The proliferation of e-learning technologies, such as Massive Open On-line Courses (MOOCs) and Intelligent Tutoring Systems (ITS), has benefited many learners in terms of the space and time to learn. However, diagnosing learning problems in these systems can be challenging due to the fact that few human resources (teachers) can possibly be allocated to assist the learners during the e-learning process. The problem becomes tougher when numerous e-learners learn on personalized learning paths and pace. In traditional classrooms, it is the human teachers’ job to help diagnose the students’ learning problems. In this paper, we seek to use an AI teacher to autonomously diagnose student learning problems in e-learning systems through learning performance data.

Prior efforts have shown AI technologies are capable of tackling the learning assessment problem effectively. Knowledge Tracing (KT) is the task of estimating knowledge state through sequences of student problem solving attempts on the knowledge points (or skills)¹ [1], [2]. More recently, Recurrent Neural Networks (RNN)-based KT models have made profound progress in terms of assessment accuracy [3], [4], [5]. The state-of-the-art results in KT are achieved using RNNs [4]. However, little effort has been made to tackle the learning diagnostics challenge.

The act of diagnosis involves inspection and causal reasoning. For example, when a student makes a problem-solving mistake, learning diagnostics uncovers the reason behind the mistake with explanations to answer the question ‘why this mistake has occurred?’ Explainable learning diagnostics helps the student to learn because not only are decisions (predictions) made but we would also know how they are made. Specifically, it requires (1) Accurate decisions should be generated by the decision model; (2) The decisions should be interpretable and understood by humans; (3) Reliable explanations should enhance the trustworthiness of the model [6]. However, conventional KT methods are a black-box [7], generating unexplainable decisions that make the model unreliable. This flaw also raises critical safety concerns where false decisions impose negative impacts on student learning [8]. Explainable KT models are the key to solve the autonomous learning diagnostics problem and to alleviate the decision-safety concerns.

Beyond accuracy, explanations drive research into faithful models as their complexity increases, especially for models that are deep [9], [10]. By explanation we refer to the qualitative measurement of contributions of features in producing a model decision as defined by [10]. Various lines of methods have been devised to shed light on explaining the opaque models. Local proximity-based sampling and weighting strategy (LIME) [11], gradients Layer-wise Relevance Propagation [12], [13], rule-based anchor explanation [14], and extractive generator–encoder rationale selection [15] of short and sufficient explanatory segments are representative examples of several important perspectives of explanatory methods. Interestingly, although not initially aimed at explanations [16], attention-based methods that rely on saliency masks as explanations to highlight the parts of texts or images are often conceptualized as a way of opening up the black-boxes [17], [18]. Cumulative Learning Theory in cognitive science states the hierarchical building blocks of knowledge points disclose how learners apply previously acquired (subordinate) skills to solve subsequent problems [19]. This implies a chain of dependency relationship where the mastery/non-mastery of a skill is dependent on other related skills, which are further dependent on other skills. This dependency relationship can be back-traced until an initial point where any element on the trail may uncover the reason for the final decision — the explanations. These methods are limited in capturing such chain of dependency relationship that is inherently cumulative.

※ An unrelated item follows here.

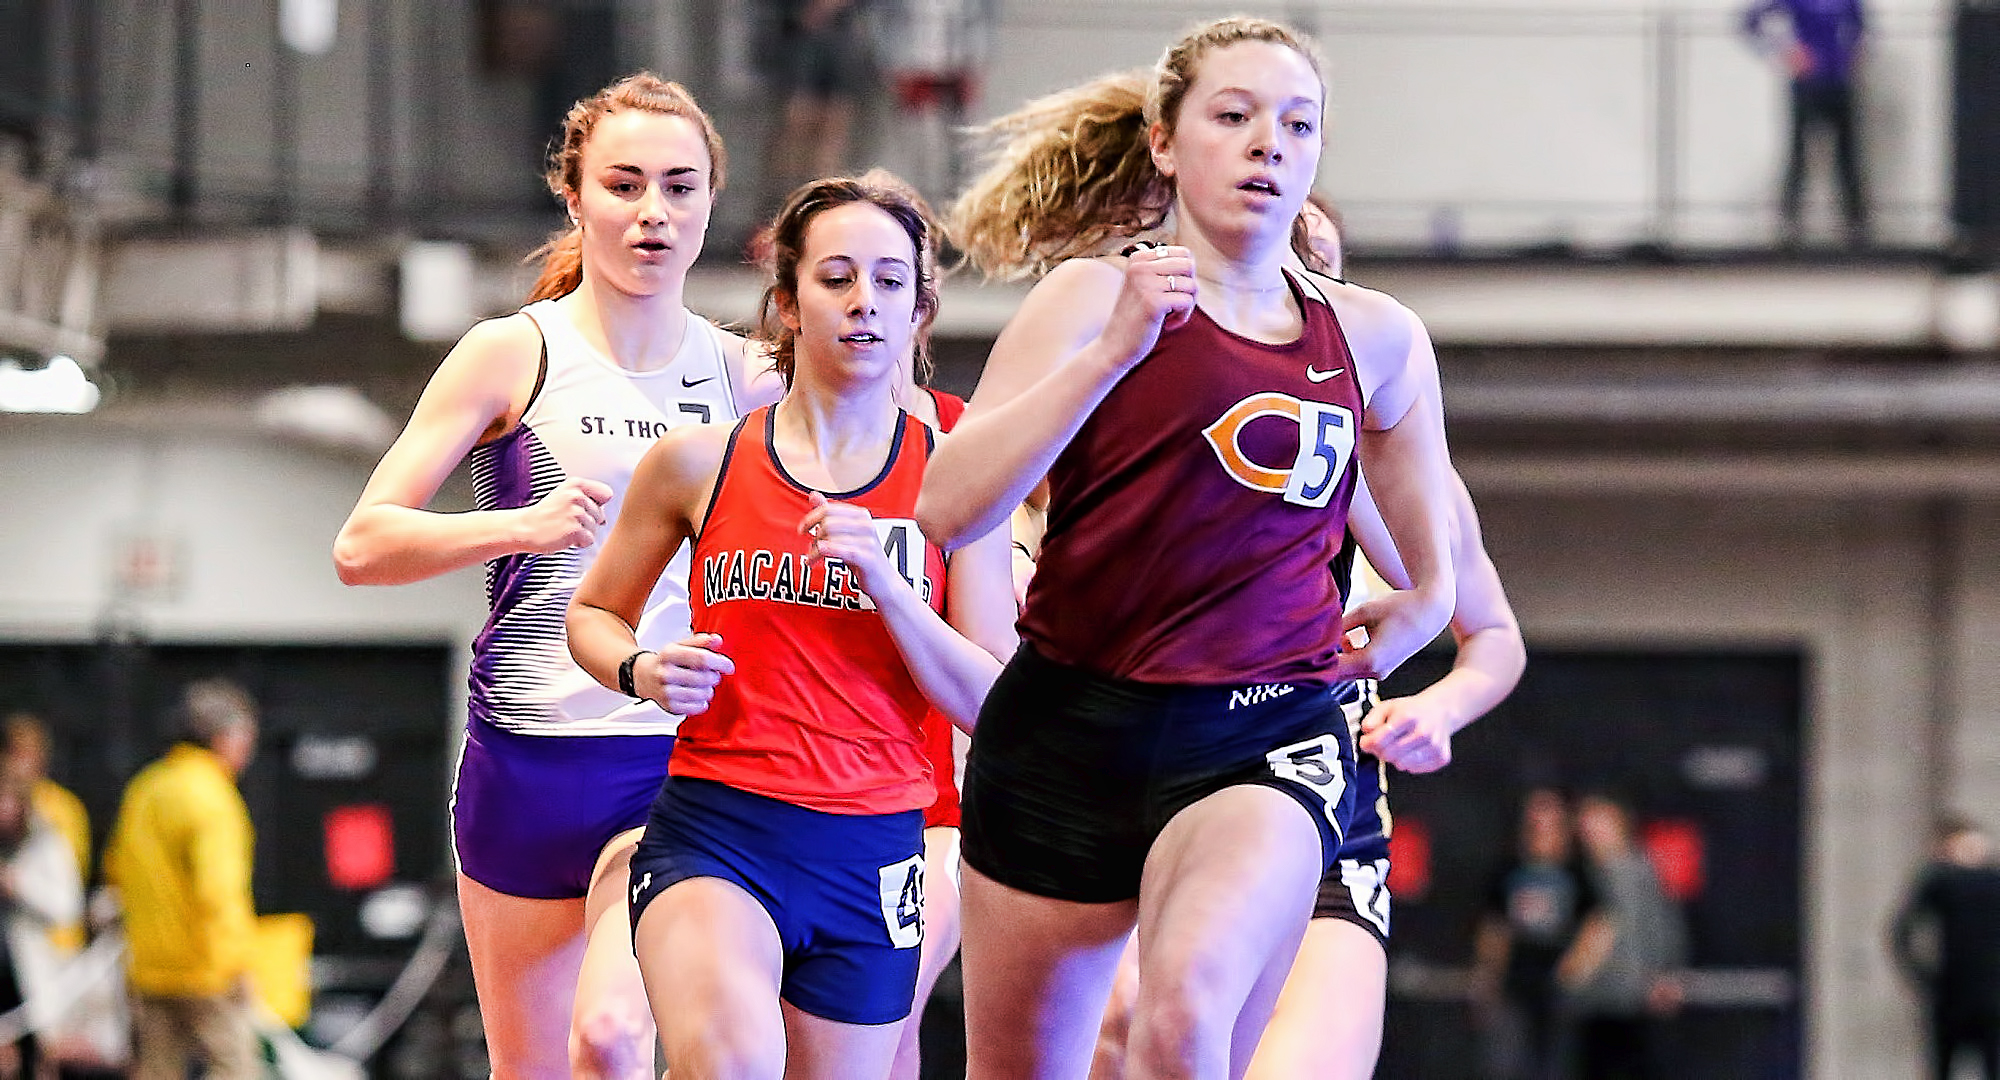 Sophomore Josie Herrmann sprints past a pack of runners during her second-place finish in the 800 meters at the MIAC Indoor Meet. (Photo courtesy of Nathan Lodermeier)

Additionally, successful explainable learning diagnostics drives more robust and accurate downstream applications, such as explainable recommendations [20], [21], [22]. As illustrated in Fig. 1, if a student fails to solve a ‘matrix–matrix multiplication’ problem, then conventional algorithms would recommend more ‘matrix–matrix multiplication’ problems (homogeneous recommendation) [5]. However, they do not further trace the latent heterogeneous knowledge of ‘vector inner product’ and ‘matrix–vector multiplication’ as the potential causal factors (they are prerequisites of ‘matrix–matrix multiplication’).

Therefore, we propose to tackle the learning diagnostics problem by ‘back-tracing’ a sequentially cumulative learning process to identify the salient sources as explanations to the current prediction (target).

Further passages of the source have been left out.